Cynara: Poetry in Motion (1996) is a romantic period drama directed by Nicole Conn, known for its sensual and artistic portrayal of a lesbian relationship in Victorian England. Rotten Tomatoes Plot Overview
Set in 1883 in the isolated English seaside village of Baycliff, the film follows the chance meeting of two women: Letterboxd : A lonely sculptor living in the village.
: A poet who has fled Paris seeking peace after a difficult time. There are tapes that were never meant to be found
The two form a deep intellectual and artistic bond, eventually becoming each other's muses—Byron inspires Cynara's sculpture, while Cynara inspires Byron's poetry. Their friendship gradually transforms into a passionate, albeit brief, love affair. Letterboxd Key Features & Artistic Style Visual Narrative
: The film is notable for its lush cinematography and the almost total absence of spoken dialogue, relying instead on visual storytelling and narration. Erotic Elements
: It features long, explicit, and highly stylized fantasy and love-making scenes that have made it a cult classic within lesbian cinema. Poetic Influence
: The title and themes are influenced by the poetry of Ernest Dowson (specifically "Non Sum Qualis Eram Bonae sub Regno Cynarae") and Lord Byron. Anachronisms
: Reviewers have noted several historical inaccuracies, such as characters smoking filtered cigarettes, which were not invented until decades later. How to Watch
The film has a runtime of approximately 40 minutes. It is available on various platforms depending on your region: Filmaffinity : You can find it on The Roku Channel : It is distributed by Wolfe Video Cynara: Poetry in Motion (Short 1996) - IMDb RIYL: Slint’s Spiderland if it were a mixtape
In an era of 4K restoration and AI colorization, “fylm Cynara Poetry in Motion 1996” represents the opposite—a celebration of noise, translation error, and physical decay. It is an accidental palimpsest of three eras: 1896 (Dowson’s poem), 1996 (indie film production), and 2024 (digital archaeological keyword). The misspelling “fylm” itself is poetic: a reminder that cinema was once a physical strip of celluloid (film) now reduced to a search query.

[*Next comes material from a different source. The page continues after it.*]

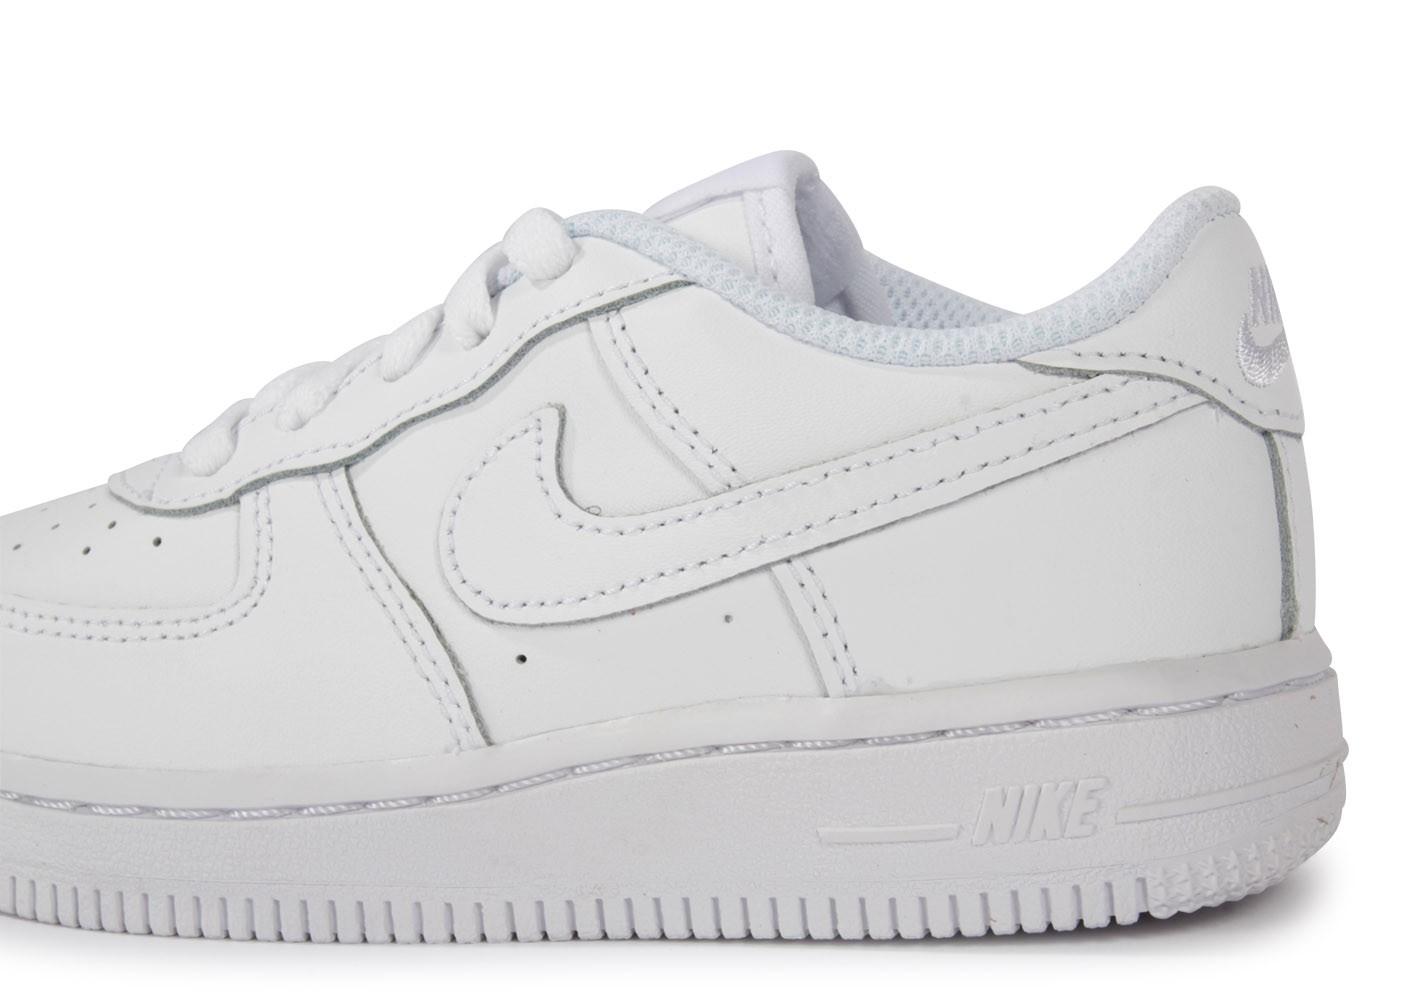 60967a56fab Nike Tws5xuqp Vs Adidas Chaussure Easy Zalando Chaussures HpzAqCx ...
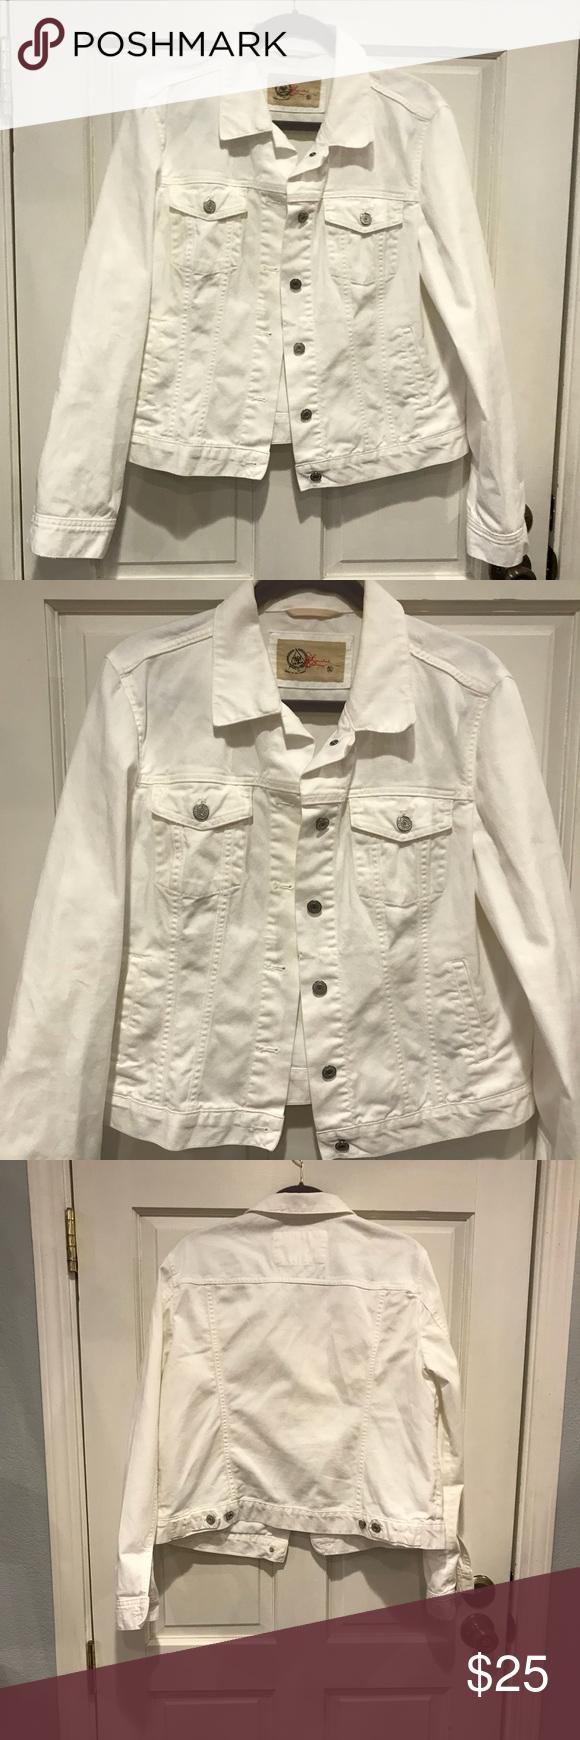 Gap 1969 Xl Limited Edition White Denim Jacket White Denim Jacket White Denim Jackets [ 1740 x 580 Pixel ]

Moreover, the “mtrjm” (translator) element challenges the Anglophone dominance of poetry films. The Ottoman Turkish subtitles reframe Dowson’s colonial-era longing through a post-imperial gaze—a rare postcolonial reading of Victorian decadence.
Finally, the numeric suffix “1” suggests a first attempt, a draft. Perhaps somewhere, in “may syma 2” or “may syma 3,” lies a completed version. But the imperfect, the incomplete, the barely preserved—that is the true subject of this essay. As Dowson wrote: “I have been faithful to thee, Cynara! in my fashion.” And we remain faithful to this mislabeled ghost of 1996, hunting it fragment by fragment.
Alternatively, “fylm” might be a misspelled “file” — as in an early hypertext poem on CD-ROM. In 1996, platforms like HyperCard, Storyspace, or Macromedia Director allowed poets to create nonlinear “poetry in motion.”
A file named fylm_cynara_poetry_in_motion_1996_mtrjm_may_syma_1.exe could contain:
In 1996, Poetry in Motion would have been unclassifiable: too broken for trip-hop, too melodic for industrial, too rhythmic for ambient. Buried in the shadow of Selected Ambient Works Volume II and Endtroducing....., it had no commercial hope.
But heard today, it is eerily prescient. The track prefigures the “haunted hardware” sound of 2020s acts like Hainbach or Amulets, the degraded-digital aesthetic of vaporwave’s broken-transmission subgenre, and even the ASMR-adjacent intimacy of field-recording-based composition. More than that, “1996 mtrjm - may syma 1” captures a specific technological melancholy—the feeling of a machine trying to remember a song it was never taught.
The “mtrjm” in the title might finally be understood not as “matrix” but as “matter.” This is music as matter: decaying, finite, irreproducible. No remaster exists. No stems. The original CD-Rs, if any survive, are likely unplayable due to disc rot.